Такого Барни не ожидал.
– Что?
– Когда власти в Санто-Доминго обвинят меня в том, что я допустил незаконную торговлю, я стану отговариваться тем, что поступил так, желая спасти город, который грозили уничтожить свирепые английские пираты.
Барни перевел.
– Разумно, – согласился Бэкон.
– Мне нужно письмо с угрозами.
Бэкон кивнул.
Барни нахмурился. Ему нисколько не нравилось письменно признаваться в преступлении. Увы, иного выбора им, как ни крути, не оставили.

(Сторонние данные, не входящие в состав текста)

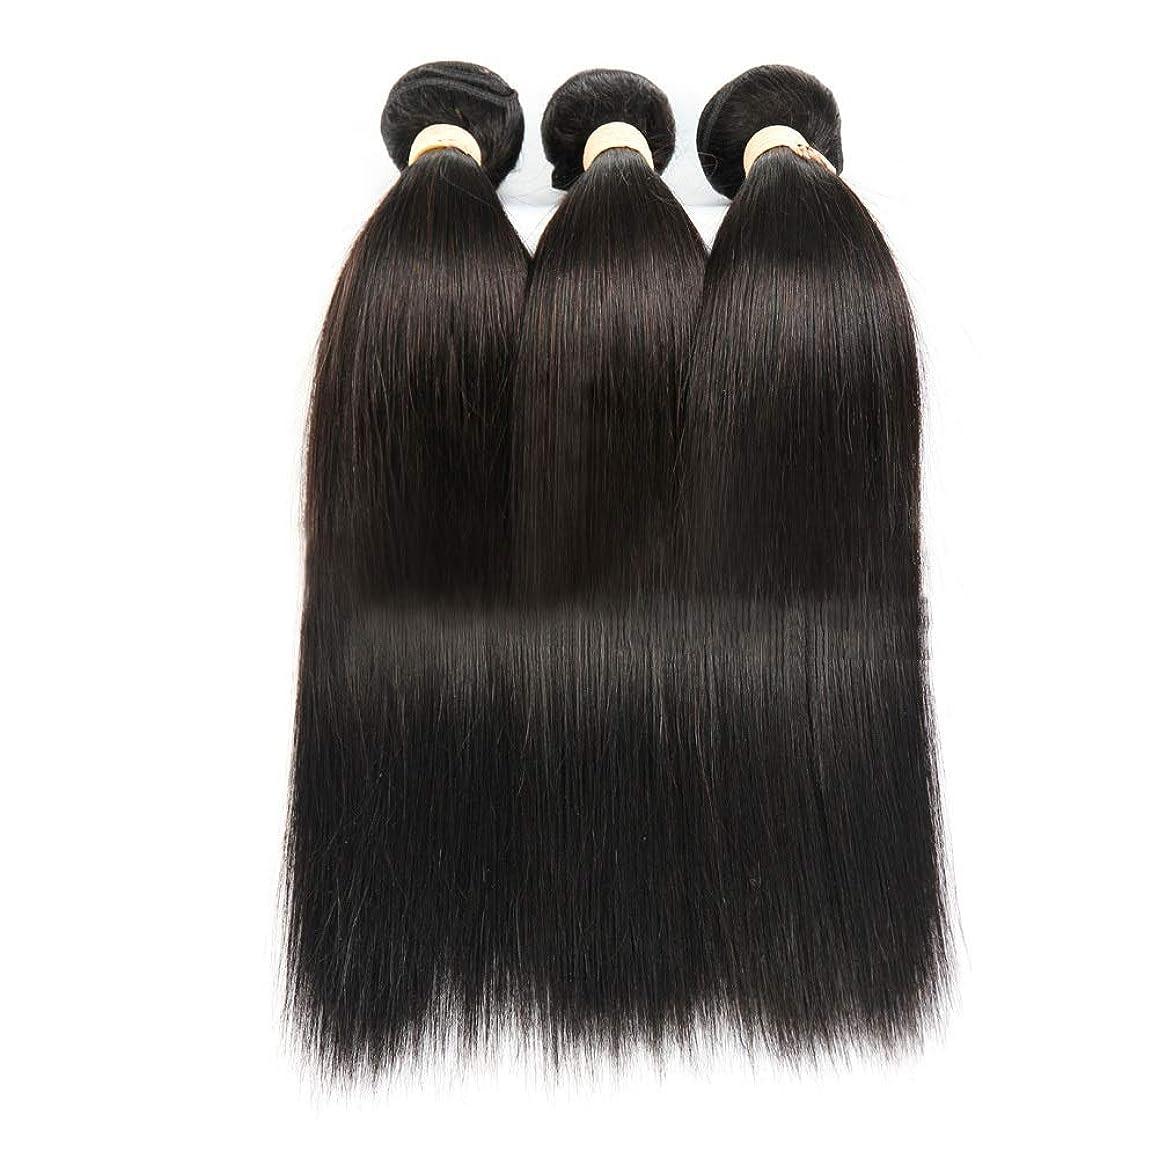 アンケート信じられない部分的BOBIDYEE ナチュラルブラック人間の髪織りバンドルリアルナチュラルヘアエクステンション横糸 - ストレート(1バンドル、8-28インチ)女性用合成かつらレースかつらロールプレイングウィッグ (色 : 黒, サイズ : 14 inch)

Дверь открылась, и в комнату вошла та самая девушка в желтом платье. Игнасио покосился на нее совершенно равнодушно. Альфонсо же радостно улыбнулся. Она пересекла комнату с таким видом, будто была членом семьи градоначальника, и поцеловала толстяка в лоб.
– Моя племянница Белла, – представил девушку Альфонсо.
Барни догадался, что вместо «племянницы» стоило бы сказать «незаконнорожденная дочь». Должно быть, Альфонсо прижил ребенка с какой-нибудь красавицей рабыней. Барни вспомнились слова Эбримы – мол, рабов пользуют все, кто захочет.
Белла принесла бутыль, которую поставила на стол, рядом с палками.
– Подумала, вам захочется рома, – сказал она по-испански, с выговором образованной женщины, в котором лишь угадывался намек на произношение, для уха Барни непривычное. Искоса посмотрела на Барни, и он вдруг понял, что ее голубые глаза – точно такие же, как у Альфонсо. – На здоровье!
Белла вышла, а Альфонсо сказал ей вослед:
– Матушка Беллы, упокой Господь ее душу, была той еще штучкой. – Он причмокнул, предаваясь сладким воспоминаниям, потом прибавил: – Советую купить ром Беллы. Лучший на острове. Сами попробуйте.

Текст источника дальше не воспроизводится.